Article 3. Microbial Taxonomy in the Age of Genomics

1. Microbial Taxonomy and Nomenclature:

Microbial taxonomy encompasses two primary tasks:

  • The identification of an isolate as a known species or as a novel taxa: The rapid explosion of Massively Parallel Sequencing Technology (MPST) has fundamentally changed how we study microbes. A plethora of web-based and stand alone tools can assist researchers in analyzing sequences, assembling genomes, and comparing them, leading to deeper insights into the microbial world. Modern microbial taxonomy relies heavily on Overall Genome Related Index (OGRI) methods. These methods quantify the similarity or distances between two microbial genomes and aid in the crucial task of

> identification, in which an isolate is assigned to a known species or is recognized as belonging to a previously unknown group (taxa)

AND

> classification, whereby the identified isolate is placed in the established established taxonomic framework.

  • The nomenclature (naming) of a species if the isolate has been identified as a new species: Rules governing the nomenclature of scientific names for Bacteria and Archaea are laid down in the International Code of Nomenclature of Prokaryotes (ICNP) (1), formerly the International Code of Nomenclature of Bacteria (ICNB) or Bacteriological Code (BC) (2).
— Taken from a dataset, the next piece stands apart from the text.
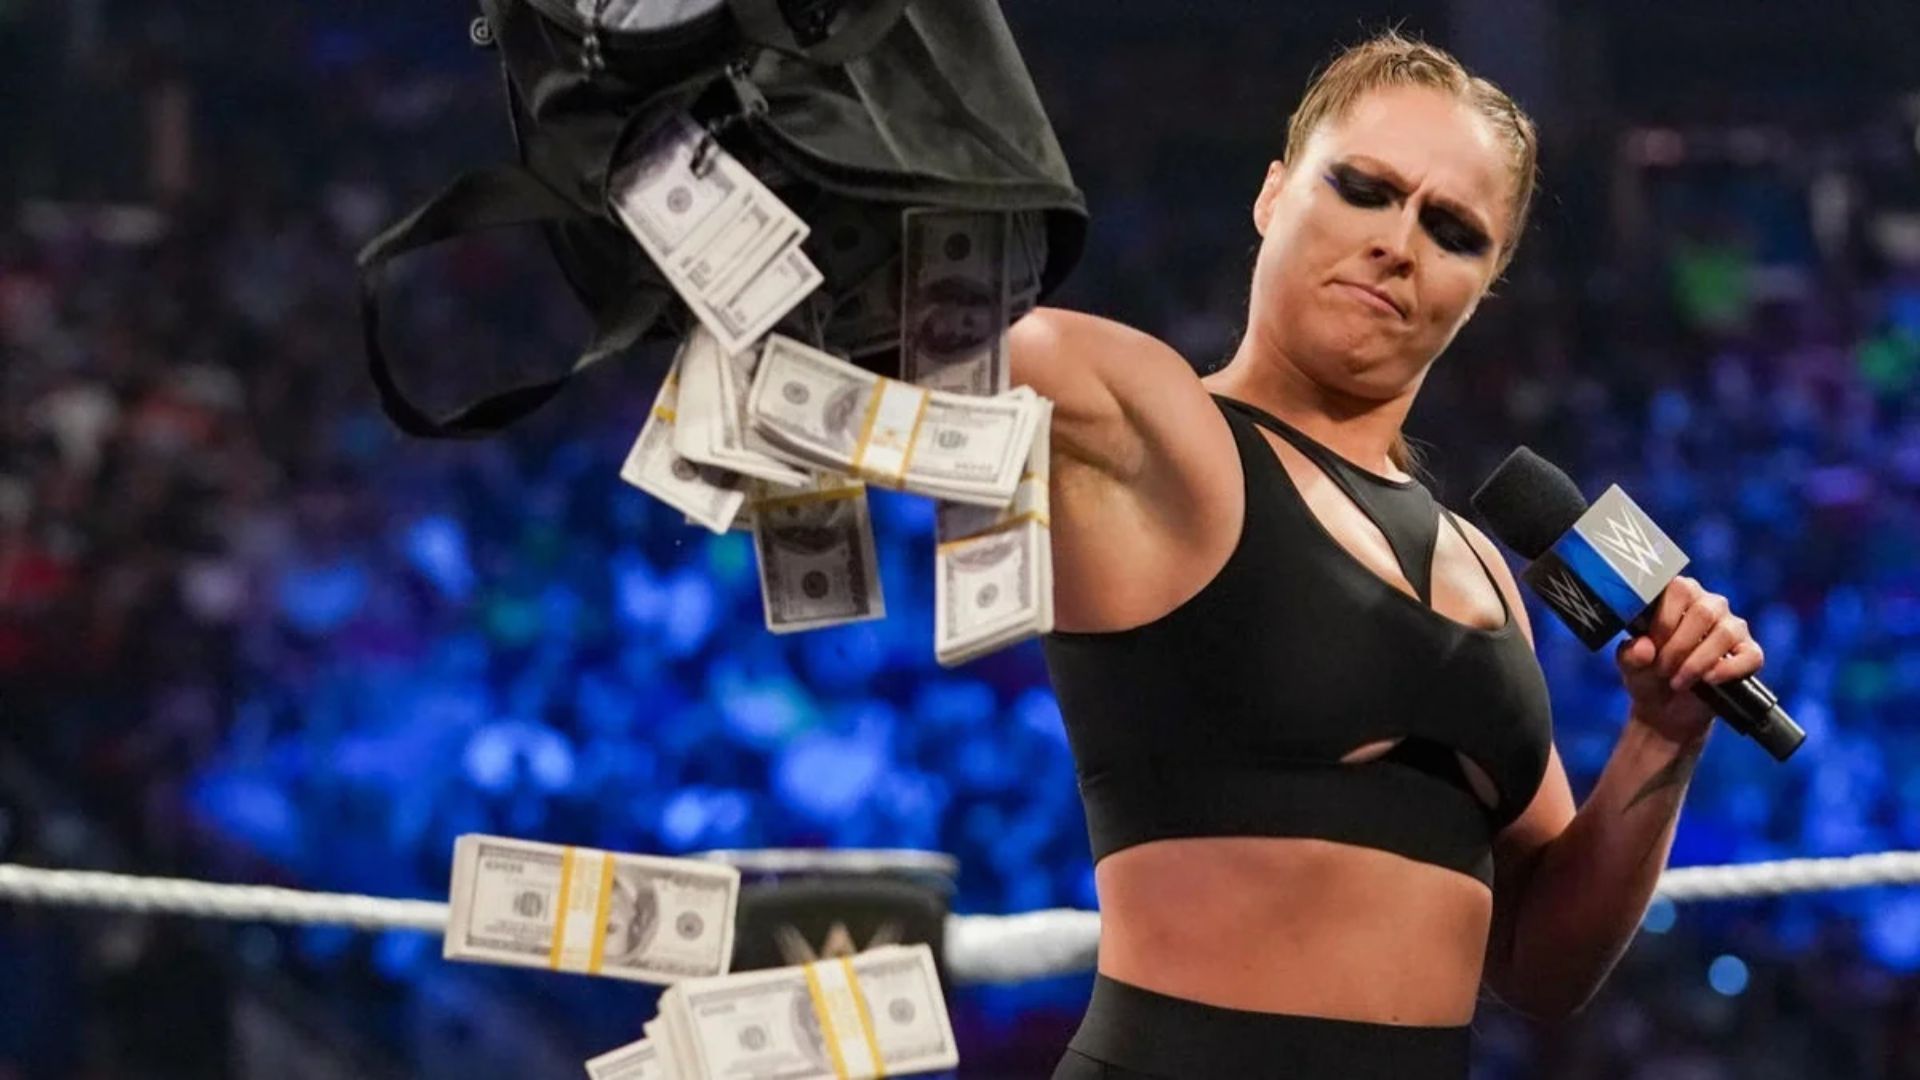 Ronda Rousey has been feuding with WWE authority for quite some time now

ICNP has since been discussed and revised (2-4). The Great Automatic Nomenclature (GAN) tool has been developed to generate a large number of new linguistically correct Latin and Greek genera and species names for naming Bacteria and Archaea (5).

2. OGRI methods can be used to evaluate the delineation of taxonomic ranks

Overall Genome Relatedness Indices (OGRI) computation is between a pair of genomes. The term OGRI was first coined by Chun and Rainey (6) and at the time of writing, a large number of OGRI methods have been developed. In all OGRI methods, the alignment fraction (AF) used to measure similarity / distances between two genomes, their genes or their proteins is dependent on the purity of the sequences generated from the genome (that is not a mixed genome).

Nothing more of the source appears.